AKAV is known to be widely distributed across tropical and subtropical areas of East Asia as well as Australia, the Middle-East and Africa (Cybinski et al., 1978, Taylor and Mellor, 1994). The virus was first isolated from mosquitoes (Aedes vexans and Culex tritaeniorhynchus) collected in 1959 in Gumma Prefecture, Japan (Oya et al., 1961). Although the collection occurred during an outbreak of disease resulting in congenital malformation in cattle, an etiological link between the virus and this disease was not proposed until much later (Kurogi et al., 1975). A similar serious outbreak in Japan from 1972 to 1973 resulted in more than 31,000 cases of abortion, stillbirth and congenital A-H syndrome; the outbreak continued through 1974–1975 (Kurogi et al., 1975). AKAV was subsequently isolated from biting midges (Culicoides brevitarsis) in Australia in 1968 and an association between neutralising antibodies to AKAV and A-H syndrome in New South Wales was reported (Doherty et al., 1972, Hartley et al., 1975). AKAV isolations from cattle or biting midges have since been reported from Japan (Kurogi et al., 1987), Australia (St George et al., 1978), Chinese Taipei (Liao et al., 1996) and South Korea (Bak et al., 1980). Molecular detection of AKAV RNA has also been detected from biting midges and affected animals in Israel (Stram et al., 2004) and Turkey (Oğuzoğlu et al., 2015).

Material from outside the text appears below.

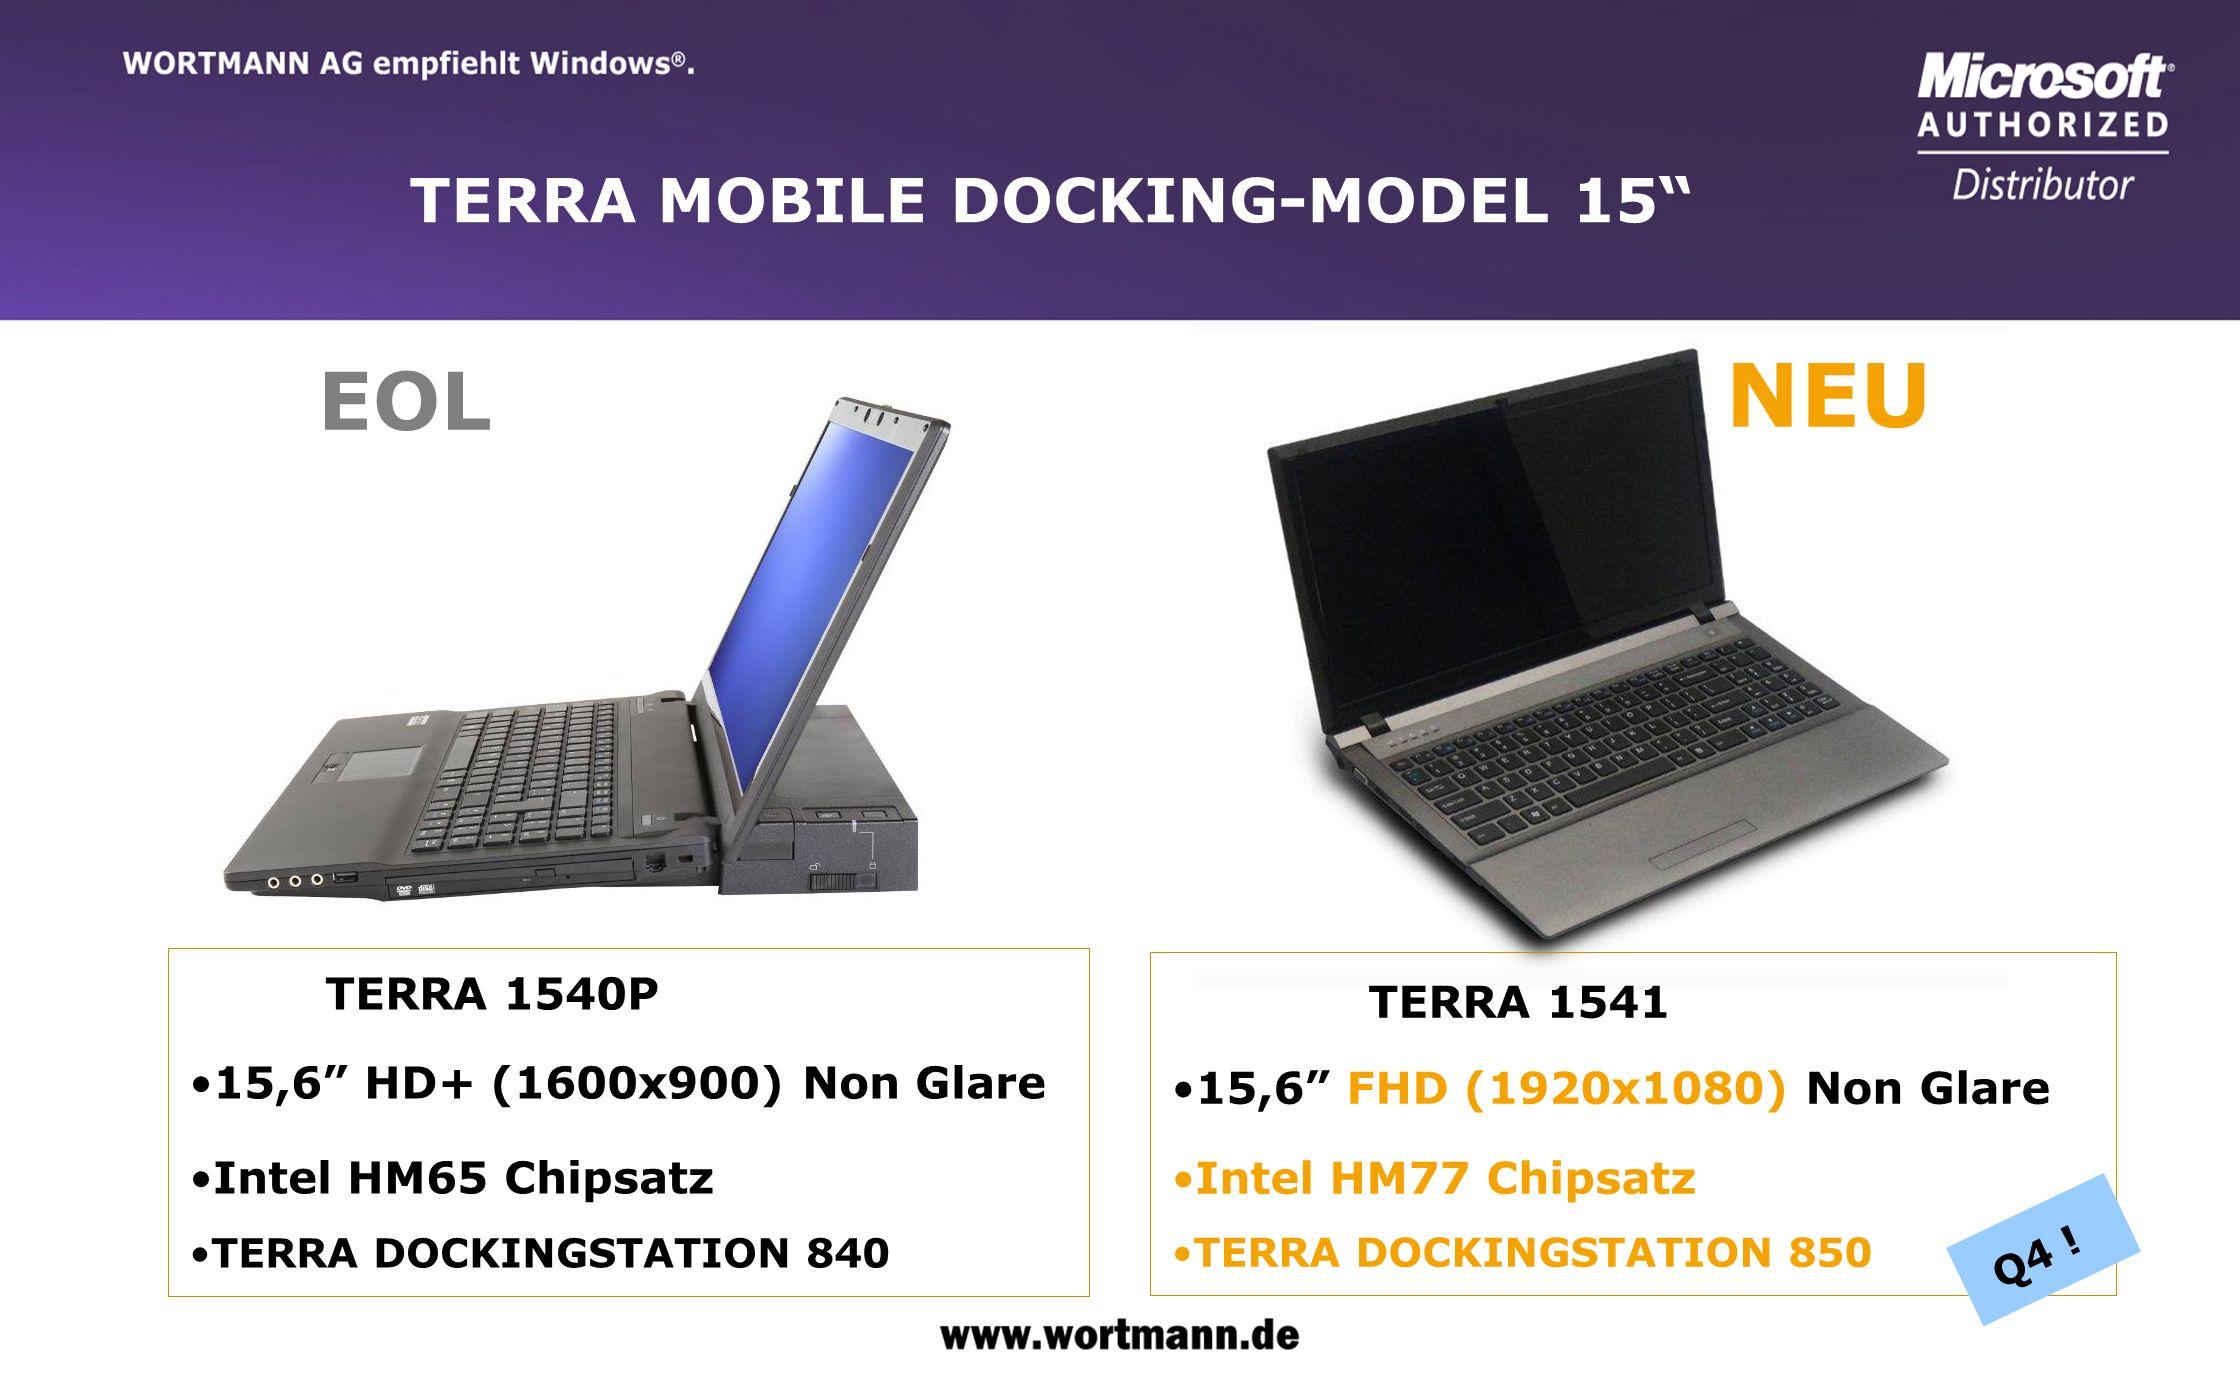 www.wortmann.de TERRA MOBILE DOCKING-MODEL 15 TERRA 1540P 15,6 HD+ (1600x900) Non Glare Intel HM65 Chipsatz TERRA DOCKINGSTATION 840 TERRA 1541 15,6 F

AKAV is also known to occur in China but the distribution, prevalence of infection and impacts on the cattle industry are poorly understood. The periodic and seasonal occurrence of AKAV infections in Japan, Taiwan and Korea suggests that China may play an important role epidemiologically in East Asia but virus distribution and epidemiology have been rarely reported. AKAV was first isolated in China in 1998 from mosquitos collected during a disease outbreak in Shanghai (Qiping and Longtao, 2000). This followed local reports in previous years of Akabane disease outbreaks in Shanghai, Guangdong, Henan, Shandong and Yunnan. A serological survey conducted in cattle and sheep in Xinjiang Province in north-west China in 2010 indicated a seroprevalence of 19% (Jun et al., 2012). A second virus isolation from mosquitoes in Yunnan Province has also been reported (Feng et al., 2015). However, no detailed data about the epidemiology of AKAV in China have been available for these past 20 years.

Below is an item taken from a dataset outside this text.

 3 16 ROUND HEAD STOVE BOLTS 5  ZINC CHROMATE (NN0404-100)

In this study, we have surveyed for AKAV neutralising antibodies in sera collected from cattle, yak, sheep and goats across 24 provinces of China during the period August 2006 to September 2015. We also determined the specificity of virus neutralisation among eight Simbu serogroup or closely related orthobunyaviruses previously reported in the Eastern Hemisphere and screened a selection of Chinese cattle sera for evidence of neutralising antibodies to each of the viruses.